その岡本さんは、10年間の現役生活を終えたあと、最後のユニフォームを着た楽天の本拠地・仙台でうどん・もつ鍋の店を開いた。プロ野球関係者、ファンの方で店はにぎわっている。今さらながら、ファンの存在に感謝しているという岡本さん、セカンドキャリアの難しさとともに、一つの在り方を示してくれているという気がした。

(アスリート街.com 中根 仁)
人との出会いを大切に、それがあったからこそ10年間現役を続けられた

中根:現役を終える時は、どういう感情だったですか。

岡本:僕は、社会人野球を経験してからの入団だったので、プロ入りが27歳だったんですよ。入団の時には、ある先輩から「お前いくつだ?」と聞かれ「27歳です」と答えると「じゃあ10年(プロ野球生活)は厳しいな」と言われました。いきなりです(笑)。でも、そのときは、ショックというよりも、逆に『絶対に10年間は現役を続けよう』と強く思いました。
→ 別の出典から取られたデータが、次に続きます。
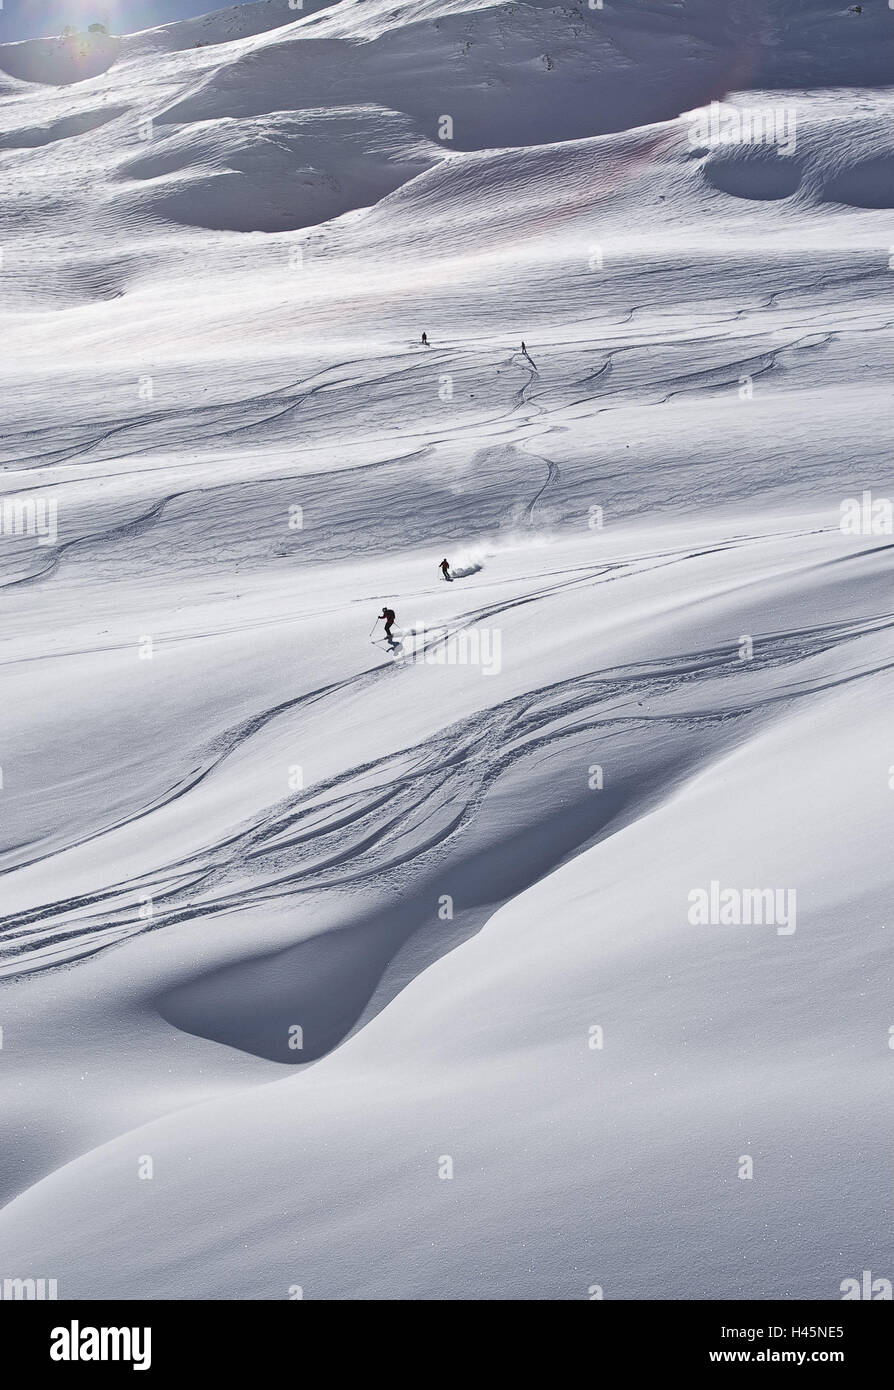 Austria, Vorarlberg, inclination, deep snow, skier, person, sport, winter sports, skiing, skiing, snow, runway, tracks, Freeride, ski areas, tracks, white, Stock Photo

発奮材料になったというか、先輩から言われた一言が結果的には良かったんだと思います。でも、「10年」にこだわりすぎたせいか、韓国球団を経て、楽天に呼んでいただき、10年目を迎えたときに『やっと10年を迎えられたな』とホッとしてしまったんです。そんな感情になった時に、自分の胸の中では、「もう現役は終わりだな」と決心がついていました。
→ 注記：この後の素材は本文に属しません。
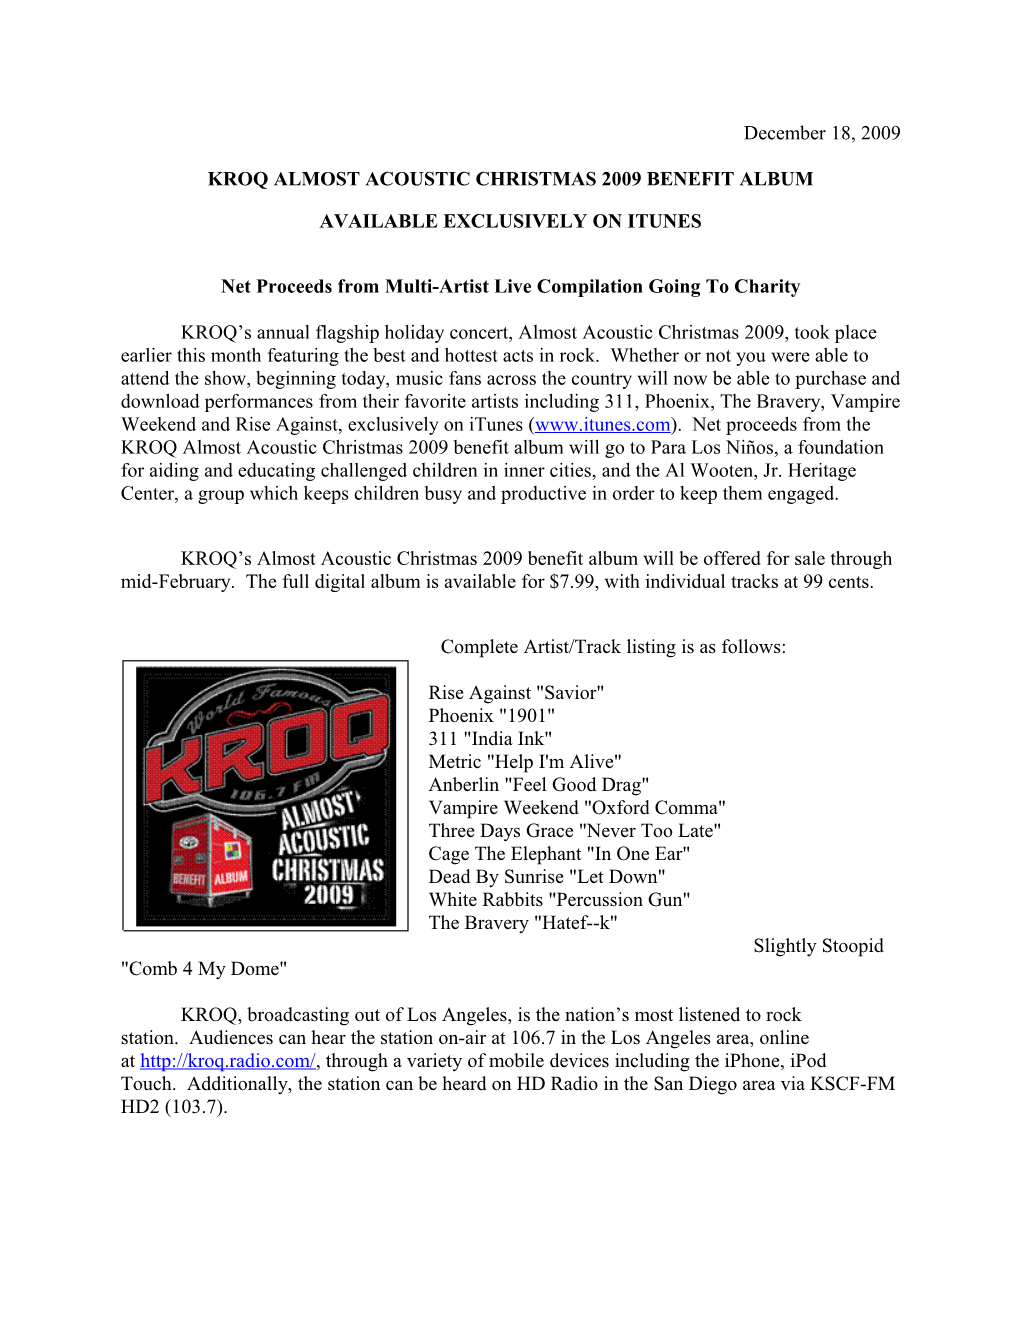 Kroq Almost Acoustic Christmas 2009 Benefit Album

中根:すごい球、投げていましたよね。僕は、岡本さんから同じ球3球で3球三振してしまった時、こんなスライダー見たことないよと思って、それ以来、対戦するのが嫌だった。実は代打に行けと言われて断ったことがある。絶対打てない、と。

岡本:覚えています。中根さんが出てくるのかと思ったら、他の選手が指名されて、球場全体が、「えー」って感じで(笑)。

中根:そうそう(笑)。突然、代わって出たバッターは準備もちゃんとできていないわけで、悪いことしたなあ、と思っている。でも、いいボール放っていたよね。真っすぐもよかったけれど、なんてったって、あのスライダーな。

岡本:僕、真っすぐはファールをとる感覚で投げていたんですけれど、最近そういう投手少ないですよね、真っすぐでファール打たせて、カウントをとって、そこで決め球と、そういうピッチングしていました。

中根:当時の横浜の四番だったボビー・ローズも、すごいって言っていたよ。

岡本:でも、そのスライダーを投げたのは、3、4年ですよ。10勝した年(05年)以降、ダダダっと崩れた。10勝した年も、夏前、7月か8月には10勝していたんですよ。新聞の投手成績の勝率トップ。そんなことで喜んでいたら、その後、すぐ背筋を痛めた。04年が防御率2・03で一番よかった。最優秀中継ぎ投手のタイトルもいただきました。でも、最後の広島戦でボコボコに打たれるまで、防御率は1点台だったんです。その前に優勝が決まったもんで、ビールかけではしゃぎすぎて、広島戦の時は筋肉痛(笑)。それで全然力が入らなくて、打たれました(笑)。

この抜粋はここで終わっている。